# Peek a Boo



## reginaalear (Jan 4, 2007)

I was wondering what everyone thinks about the peek a boo?? For those who may not know it's where your hair is one color underneath and another on the top. I am wanting brown underneath and blonde on top. I was wanting to know what everyone thinks of this look. Do you like it or not?? Please be honest. My dh doesn't like it, but I want others opinions too. Thanks!!


----------



## MacForMe (Jan 4, 2007)

OMG! I wanted that!


----------



## dentaldee (Jan 4, 2007)

I think it looks really cool!!


----------



## Orangeeyecrayon (Jan 4, 2007)

i love this look


----------



## han (Jan 4, 2007)

some people really rock that look others dont..


----------



## reginaalear (Jan 4, 2007)

Yeah that's what my dh said. I'm wondering if I would look ok with it. Too bad you can't try it out first...lol


----------



## KristieTX (Jan 4, 2007)

I think the peek a boo look is awesome. I've been tempted to get my hair done like that a few times, but I just decided I was ready to go to all one color.


----------



## Retro-Violet (Jan 4, 2007)

i wanted to do that for so long.... you know i still do too!


----------



## Saja (Jan 4, 2007)

I like it. I like the darker color on top better...easier up keep on my hair. But your hair looks light in your avatar, so maybe lighter on top would be easier for you


----------



## AquaBlu (Jan 4, 2007)

Honestly, I really dont like obvious two tone hair. But Im generally not a fan of unnatural looking hair unless you have kind of a "rockstar" personality. But if you have wanted to try it check it out and see how it works for you. The good thing about hair color is you can always dye it again if it doesnt turn out how you liked.


----------



## jewele (Jan 4, 2007)

I am still thinking about doing it also, except I want blonde on the bottom with my natural brown hair color on top. I'm a bit nervous though, I have never seen anybody with it yet, but maybe that's a good thing!!! I like being different


----------



## reginaalear (Jan 4, 2007)

My hair is naturally light brown, so I may go with blonde on the bottom also. I was thinking about how it would look if my roots were showing when it grows out. Thanks for the idea!

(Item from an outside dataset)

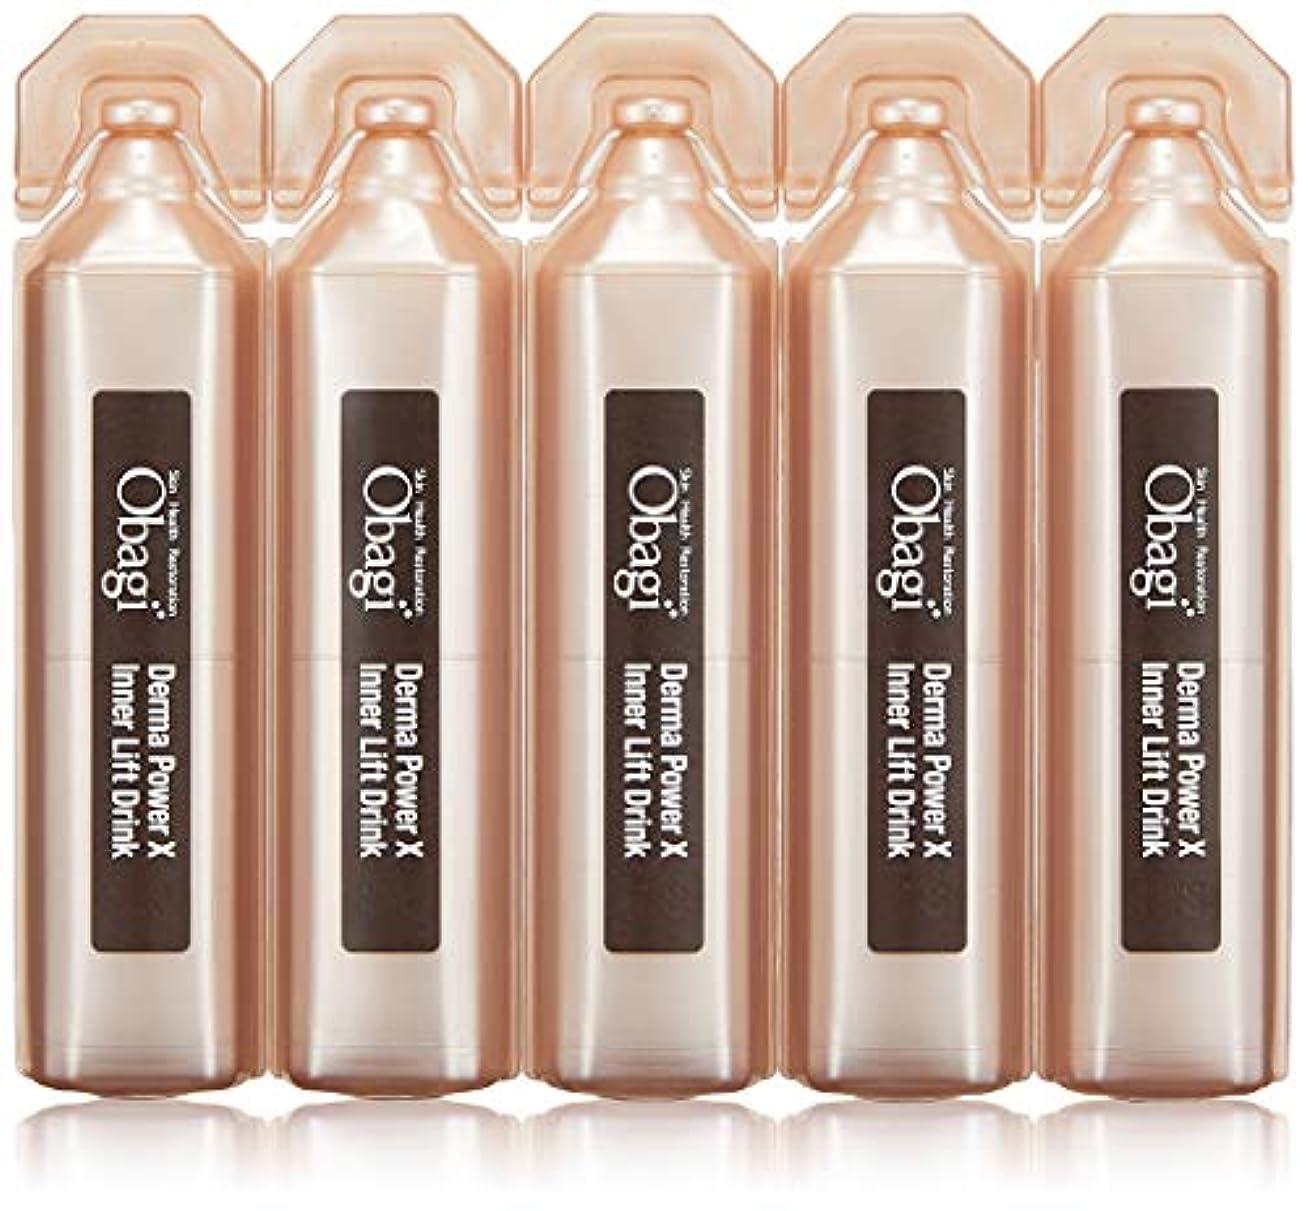 感謝祭原油利点Obagi(オバジ) オバジ ダーマパワーX インナーリフト ドリンク(美容飲料) 20mL×10本

I was just thinking blonde on top because that is the way my hairdressers is, but yeah brown on top would be better!! No roots to look at!


----------



## makeup_obsessed (Jan 5, 2007)

I have it done, and i love it. It adds edge to my hair. I just got my hair done tuesday.

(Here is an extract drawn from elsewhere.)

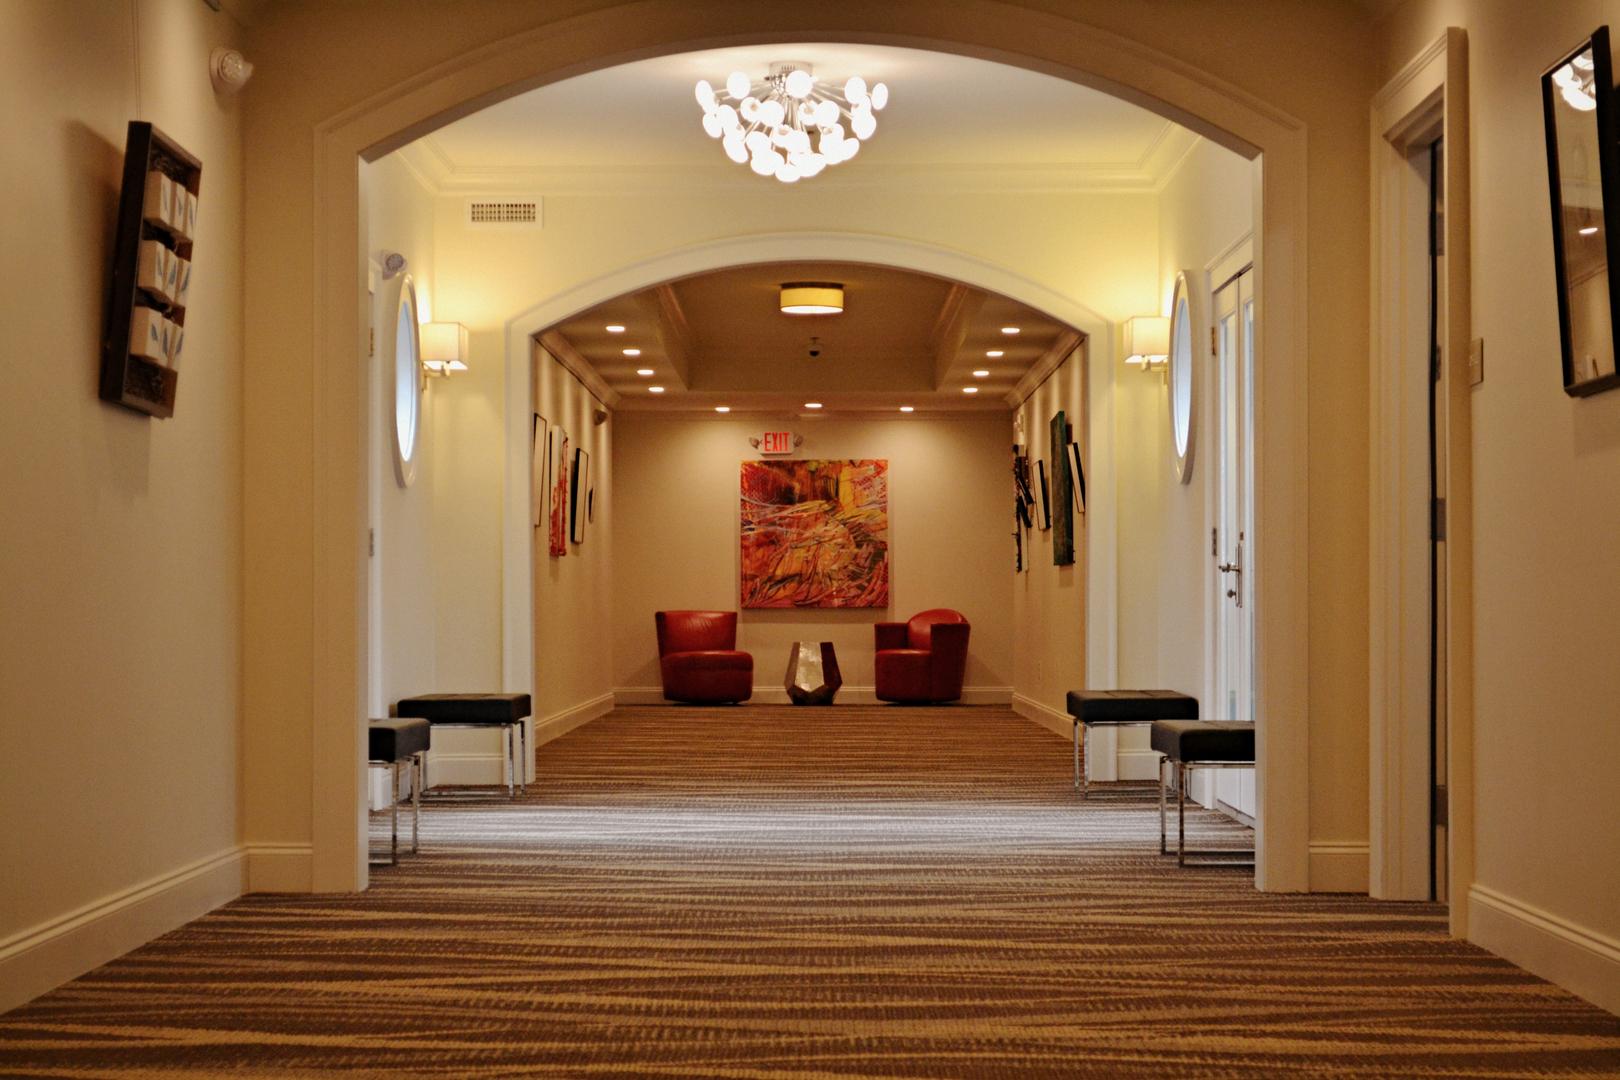 The mantissa executive suites luxury hotel in hartsville sc

My hair is naturally brownish. I got the underneath dyed black with a hint of purple. The rest of my hair is brown, with lots of red lowlights, and blond highlights. I went to work today, and got so many compliments.

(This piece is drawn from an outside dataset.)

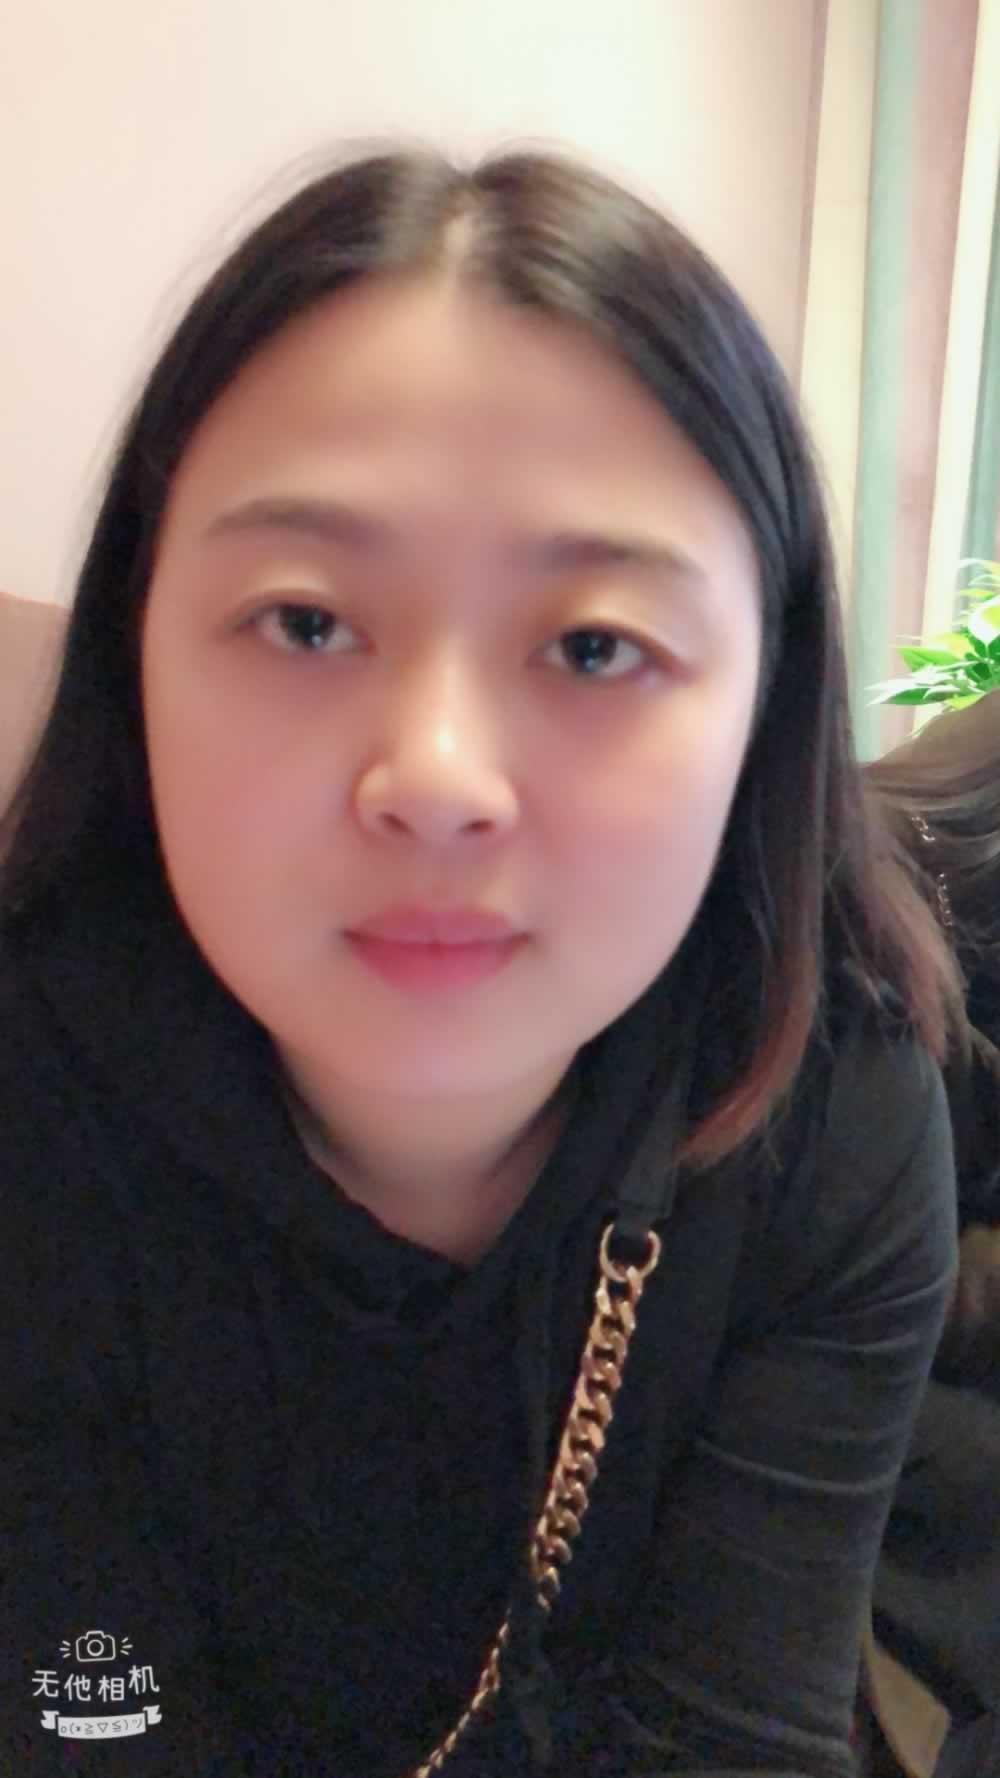 眉毛整形多少钱,我想做眼睛和眉毛,请问哪家医院做的好?我在河南

I also got my hair trimmed, so a little bit of the black "peeks" through. I'll see if i can get a pic of it.


----------



## FeverDream (Jan 5, 2007)

I can't really visualize it...does anyone have any pics?


----------



## SimplyElegant (Jan 5, 2007)

Just my opinion, but I find that it looks trashy most times I've seen. When it looks pretty natural and the two colours are close in colour then it isn't so bad.


----------



## TheOpenRoad (Jan 5, 2007)

I think it can be cool and flattering on some (with the "rockstar" personalities some of you mentioned) but otherwise it can look kind of bad. It also depends a lot on the cut, whether there are layers, angles, or it's all one length, etc... to see how much is going to show through of the color underneath. I would go with the dark on top and the lighter underneath, just so your roots don't look as harsh (if you have dark roots) when they grow out a little. But it's all up to you. Anyway post pics if you get it done!


----------



## Aquilah (Jan 6, 2007)

All I can think of right now is Jared Leto... Yum! I like the look, but it depends on how it's done. I like the dark on top and light underneath... Especially black and red!


----------



## Killah Kitty (Jan 6, 2007)

I like this look a lot... mostly when the color on top is lighter than the one under it though.

I kno a girl that has bright blonde on top and black underneath it looks real good on her but I dont like her one bit so meh!

I have it kinda naturally goin on... my hair is brown and blonde from the sun (never dyed) so its quite nice blonde on top and the curls underneath are like chestnut brown. I like it a lot  /emoticons/[email protected] 2x" width="20" height="20" />

Go for it its hot! Make sure your colors look good together (some are so perfect together the result can be stunning lol) and I really rather think lighter on top/darker underneath looks better.

I mean I saw a girl with brown on top and blonde underneath, it looked alright, but it wasnt as good IMO.

:heart:


----------



## WhitneyF (Jan 7, 2007)

I like it but I personally couldn't wear it. I think you really need to be edgy to pull that kind of look off. If you're an edgy chica then I say go for it!


----------